Yesterday we filmed on the corner of Fifth avenue and 42nd street. This is where Frank's Newstand is located. It was peak hour in the city as I was attempting to film on one of the busier street corners of NYC. As I juggled the tasks of setting up my tripod, dodging a mass of agitated, busy new yorkers desperately trying to get from work to home, and ensuring that Frank was calm, I wondered whether any film scene could justify this level of chaos and stress. I had planted my tripod outside the windows of Zara, this process usually takes five minutes to ensure you have captured the best angle and that the camera is aligned correctly.  As I was about to start shooting, a man from the Zara shop approached yelling at me to move my camera out of the way of his storefront. "Gimme two minutes I pleaded". I set up the shot and gave Frank the okay to walk towards his stand. As my eye finally rested at the viewfinder I gasped as I saw a woman in high heels catapult across the pavement and onto the ground amidst a sea of marching business men. I looked up to see Frank trying to bend his cane back from its disfigured shape. She ran up apologizing, I ran up apologizing and he just stood there calmly, laughing and unfazed  by the chaos around him. She walked off with a face full of humiliation, shame and shock. Can you get angry at a blind guy for tripping you up with his cane? Frank asked me if I got that on camera. "That shit happens all the time man, if you don't put that in the film, you ain't showing the truth! Normally I don't hold my cane so tightly so when I feel someone step into it I give it some slack, but she came at me just as I was gripping onto it, that's why she fell so hard."

We all recovered from the incident, I fixed Frank's cane and we were about to film the last scene of him leaving his newstand.

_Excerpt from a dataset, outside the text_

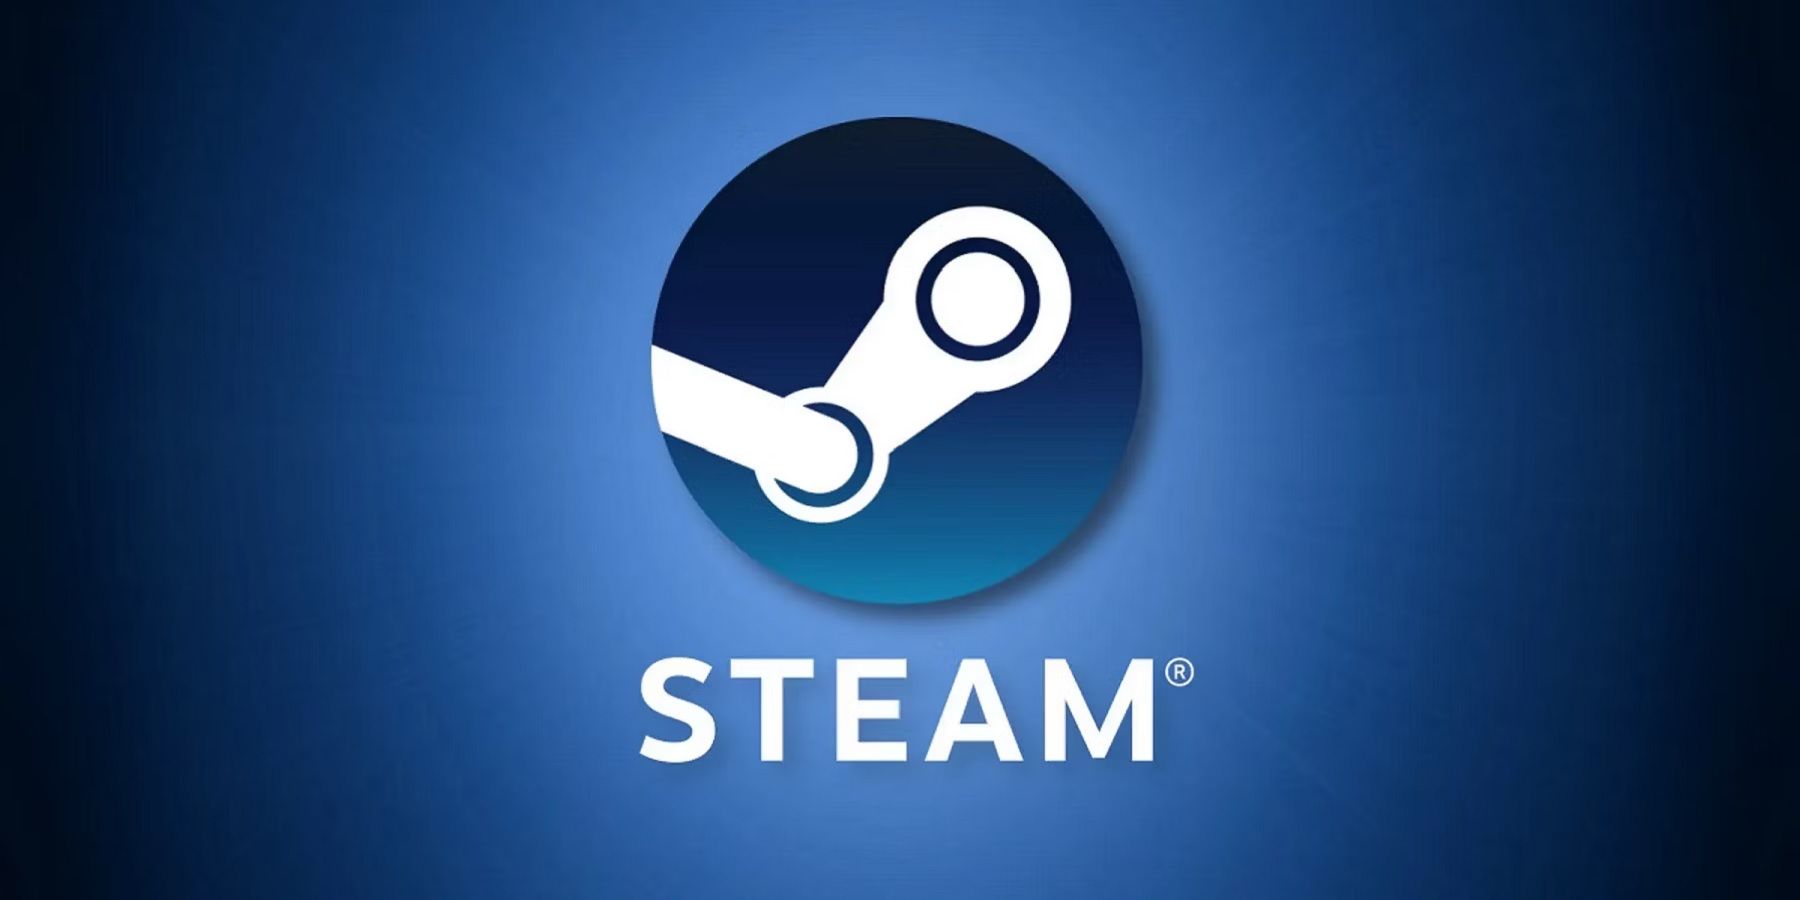 steam logo with blue background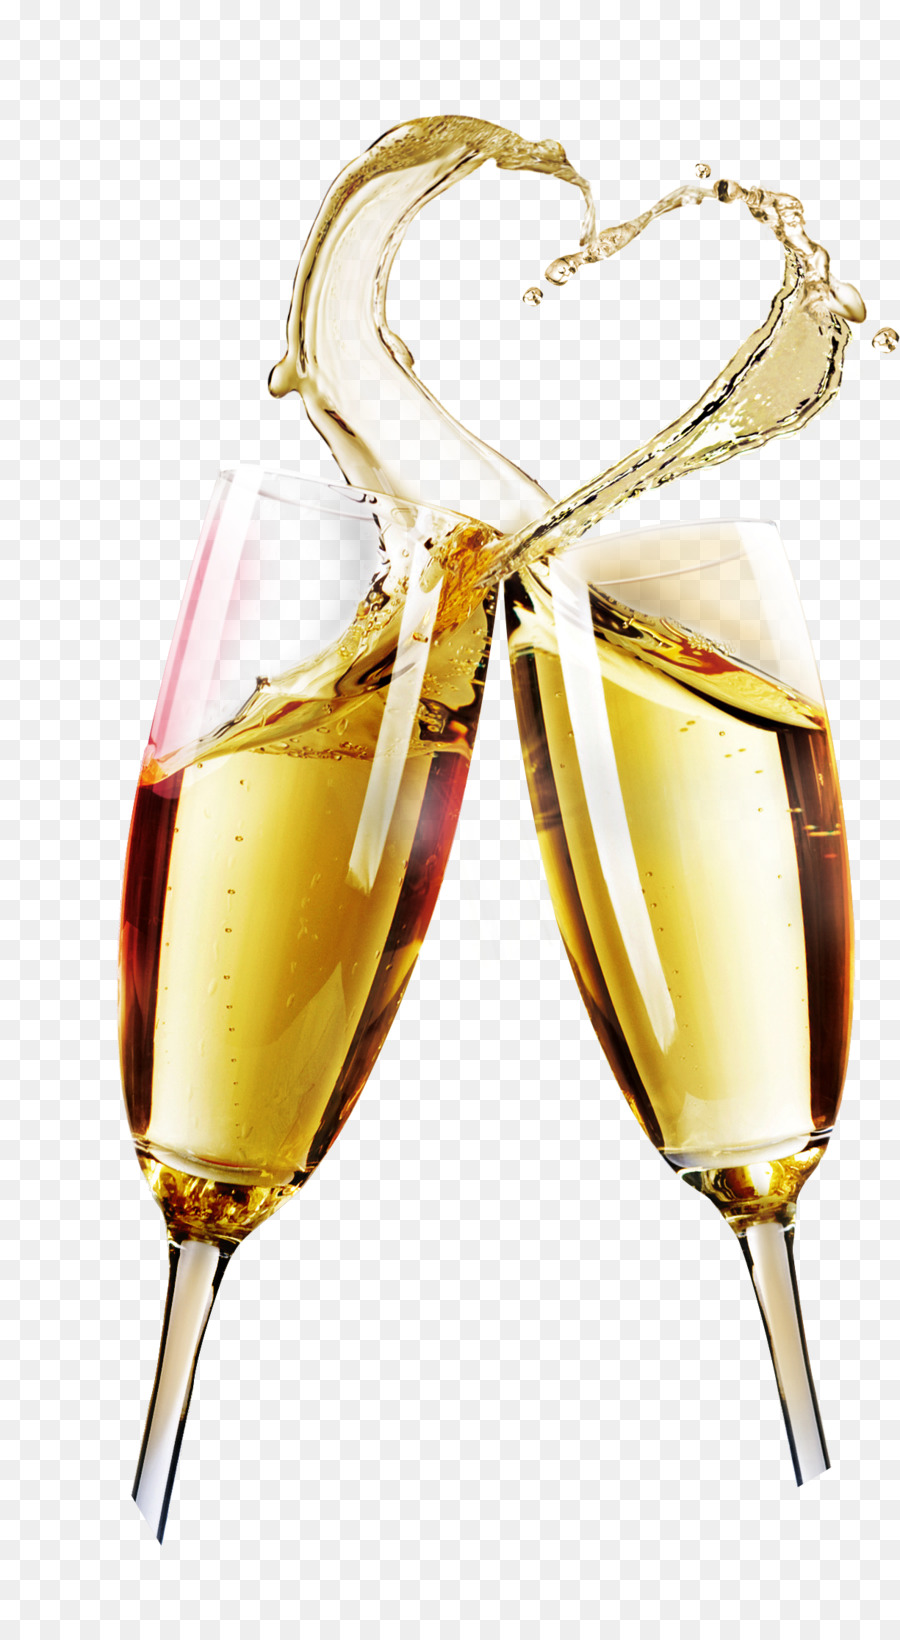 Champagne glass Wine glass Cup - Champagne png download - 1225*2221 - Free Transparent Champagne png Download.

I positioned myself for the shot and waited as he opened the door of the stand which was elevated from the footpath. The door opened and Frank took a step misreading the level of the ground, and dropped to the pavement. David (my zen like crew member from Barcelona)and I looked at each other with absolute embarrassment and pain. Frank got up without flinching, walked over to us laughing and explained that his Pakistani worker had been so nervous that we were filming, he had pushed him out the door and not warned him of the recent changes to the steps of the newstand. I couldn't believe the sequence of events and decided to end the shoot while everyone was still smiling. 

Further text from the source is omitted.